This is the 2nd time they raised the price of Xbox consoles this year. You can guess why.
Xbox Series S 512 increased to $399.99 from $379.99
Xbox Series S 1TB increased to $449.99 from $429.99
Xbox Series X Digital increased to $599.99 from $549.99
Xbox Series X increased to $649.99 from $599.99
Xbox Series X 2TB Galaxy Black Special Edition increased to $799.99 from $729.99
Me: Always bought consoles when prices started going down
Console manufacturers: We choose to leave this market untapped this time.
The things that used to allow for them to do that aren’t happening this time around. We’re getting diminishing returns on processor architecture improvements compared to a few decades ago.
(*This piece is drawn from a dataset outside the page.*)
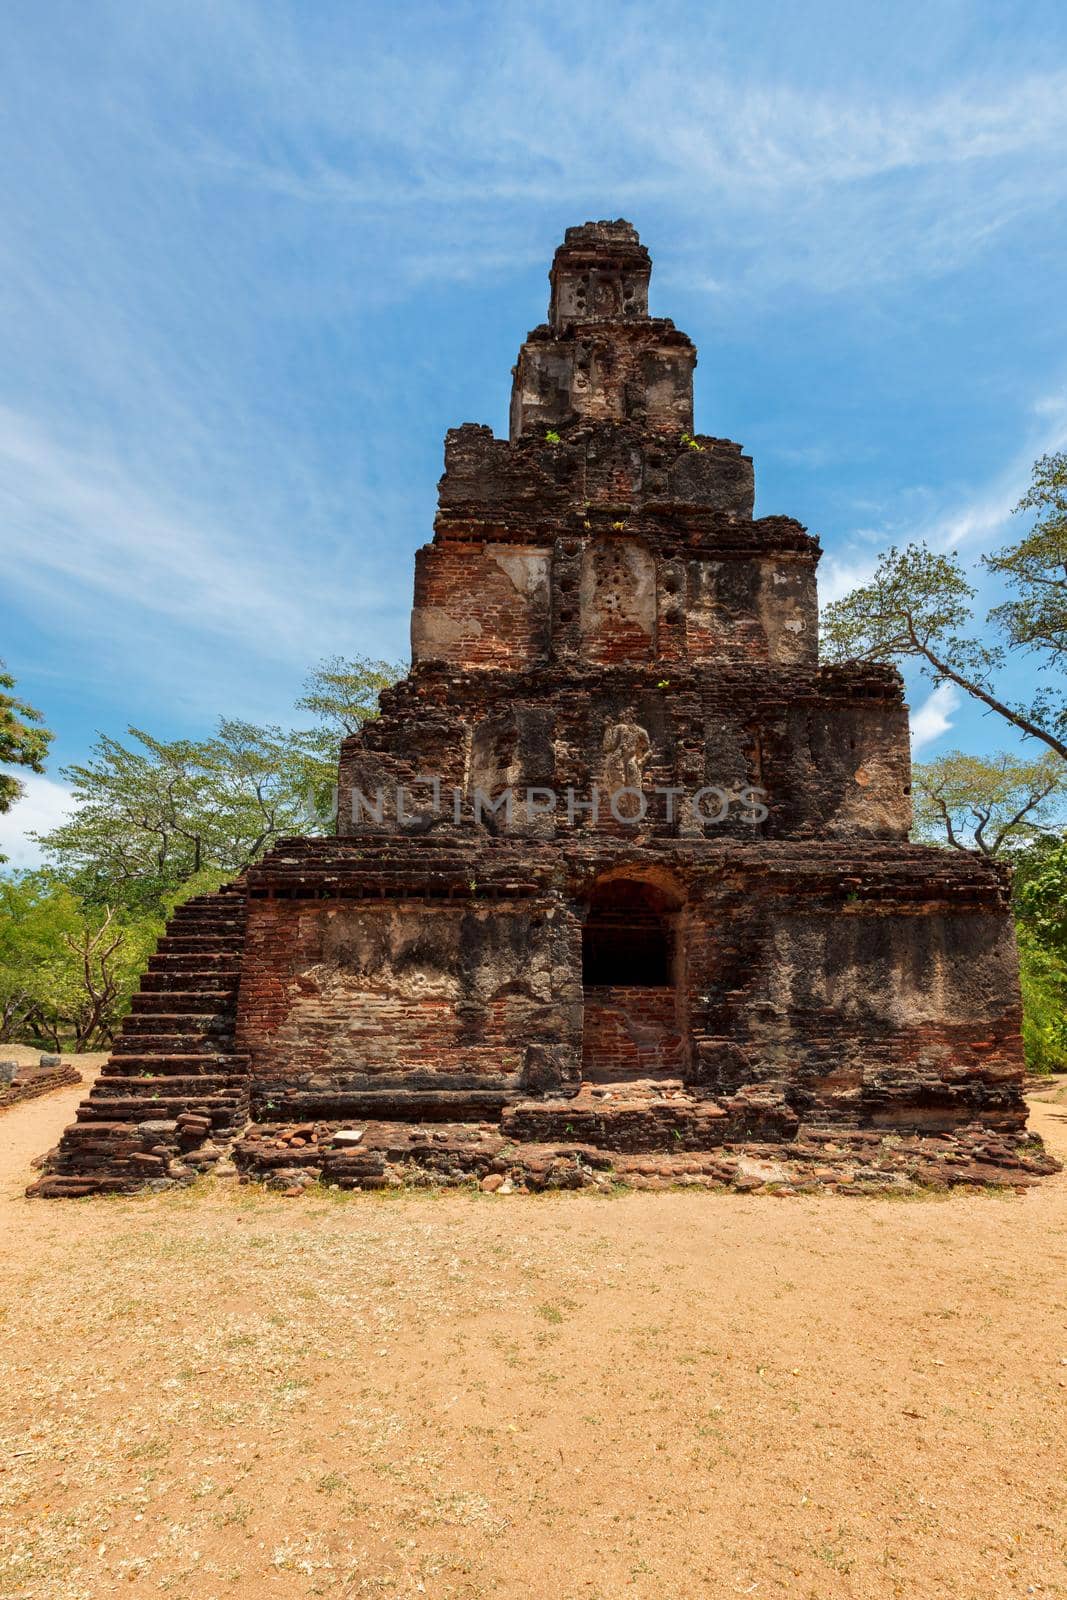 Satmahal Prasada tower 12th century step pyramid in Quadrangle, Polonnaruwa - famous tourist destination and archaelogical site, Sri Lanka

Also, this one in particular is only in the US, so…this one is tariffs.
Processor architecture was always the same for console refreshes into cheaper slim models. It’s the massive slowdown of manufacturing improvements or nodes that is preventing price cuts. Processor architecture only affects new generations of consoles and premium versions like ps5 pro.
I did not mean to imply that the architecture changed in PS2 slim compared to the original PS2, only that were able to make better, cheaper, cooler, smaller versions of that same architecture.
It’s not console makers. It’s Trump.
Trump certainly isn’t helping, but it’s a number of factors put together. Moore’s Law is slowing, and one effect of that is that manufacturing existing tech isn’t getting cheaper either.
Don’t worry, they are getting relatively cheaper as inflation is a problem. Unfortunately they are also getting more expensive as wages aren’t keeping up with inflation.
Plus tariffs. Plus moores law ended. Plus profiteering. Plus dwindling competition. Plus entry to market costs are too high. Thank you gods for the steam deck. It should correct a lot of those problems. Especially if the platform becomes an os and not just a product.
TBH, with the death of Moore’s law we might see competition shoot back up in a few years as smaller players get a chance to catch up
And as processing doesn’t keep increasing, perhaps coding will have to become more efficient so older or cheaper devices will also be useful.
Currently there is little incentive toake code efficient if speed will double anyway over time.
This is unlikely to happen with current rules. You would likely need to radically change copyright and patent laws for a fast-moving sector like semiconductors to create real competition.
Semiconductor performance will continue to improve and the baseline will always be the most modern CPUs and GPUs (even if prices continue to rise).